Шершня не любили даже взрослые. Говорили, что он бирюк, что в свою квартиру, куда со всех помоек округи натаскал добрую тонну мусора, никого не пускает, что он давно выжил из ума. Даже пенсию Шершень получал на лестничной площадке. Не пускал к себе ни сантехников, ни переписчиков, ни участкового, которому названивал чуть ли не каждую неделю. На улицу выходил редко. Шёл до ветеранского магазина, заглядывал в «Колобок» и быстро возвращался назад, будто свежий воздух ему вреден и дышать он может только пылью своей конуры.
И вот теперь Костя нарочно тревожил Улей. Бросал всё новые снежки. Увидев, что между шторами появилась щёлочка, показал язык, скорчил страшную гримасу, швырнул ещё один снежок и кинулся к границам Рохана.

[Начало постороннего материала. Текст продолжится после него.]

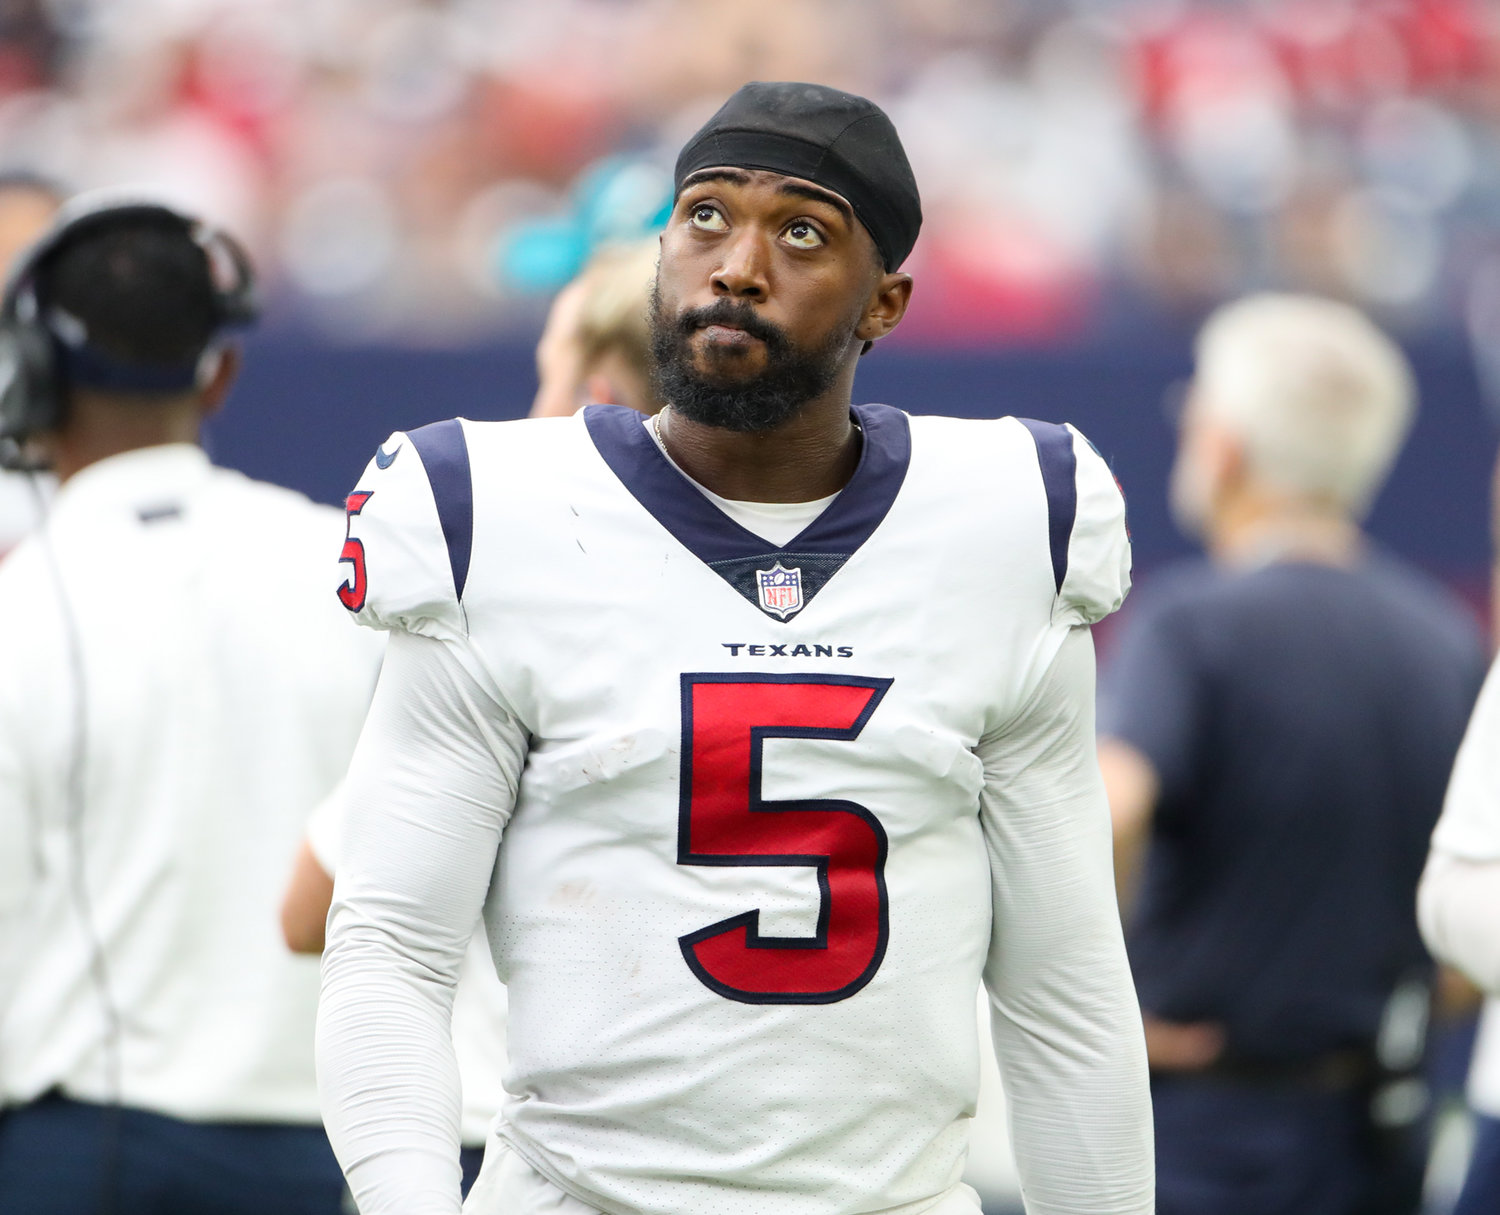 Houston Texans quarterback Tyrod Taylor (5) during the second half of an NFL game between the Houston Texans and the Jacksonville Jaguars on September 12, 2021 in Houston, Texas.

Он знал, что не пройдёт и пяти минут, как дверь подъезда распахнётся. В ней появится Шершень – закричит, чтобы его оставили в покое, чтобы дали ему спокойно умереть. На нём, конечно, будет доисторическая, сшитая ещё при Иване Грозном, мутоновая шуба, облезлая, с надорванными плечами и с большим красным пятном на полах – в прошлом году кто-то из старших ребят бросил в него банку краски. Вместе с ним из Улья вылетит полчище разъярённых пчёл, ос, мух и оводов. Они взовьются серым вихрем, загудят так, что задрожат стёкла. Расчёт был верный. Шершень и его стая задержат войска Мордора.
Костя выскочил на роханские поля. «Эдорас» по-прежнему пустовал. Весной в его колодец вернутся рохирримы, и так просто здесь не удастся пройти ни мордорцам, ни бурханцам. Нужно будет идти через заросли вдоль домов, прячась на Берёзовом лугу, также известном как Красная плесень, – под его берёзками в тёплую погоду собирались алкаши со всех ближайших дворов. Снега Рохана были расчерчены множеством тропинок. Это постарались Саша и Максим. Проторили их, чтобы враг не смог вычислить, куда они ходили и где готовили засаду.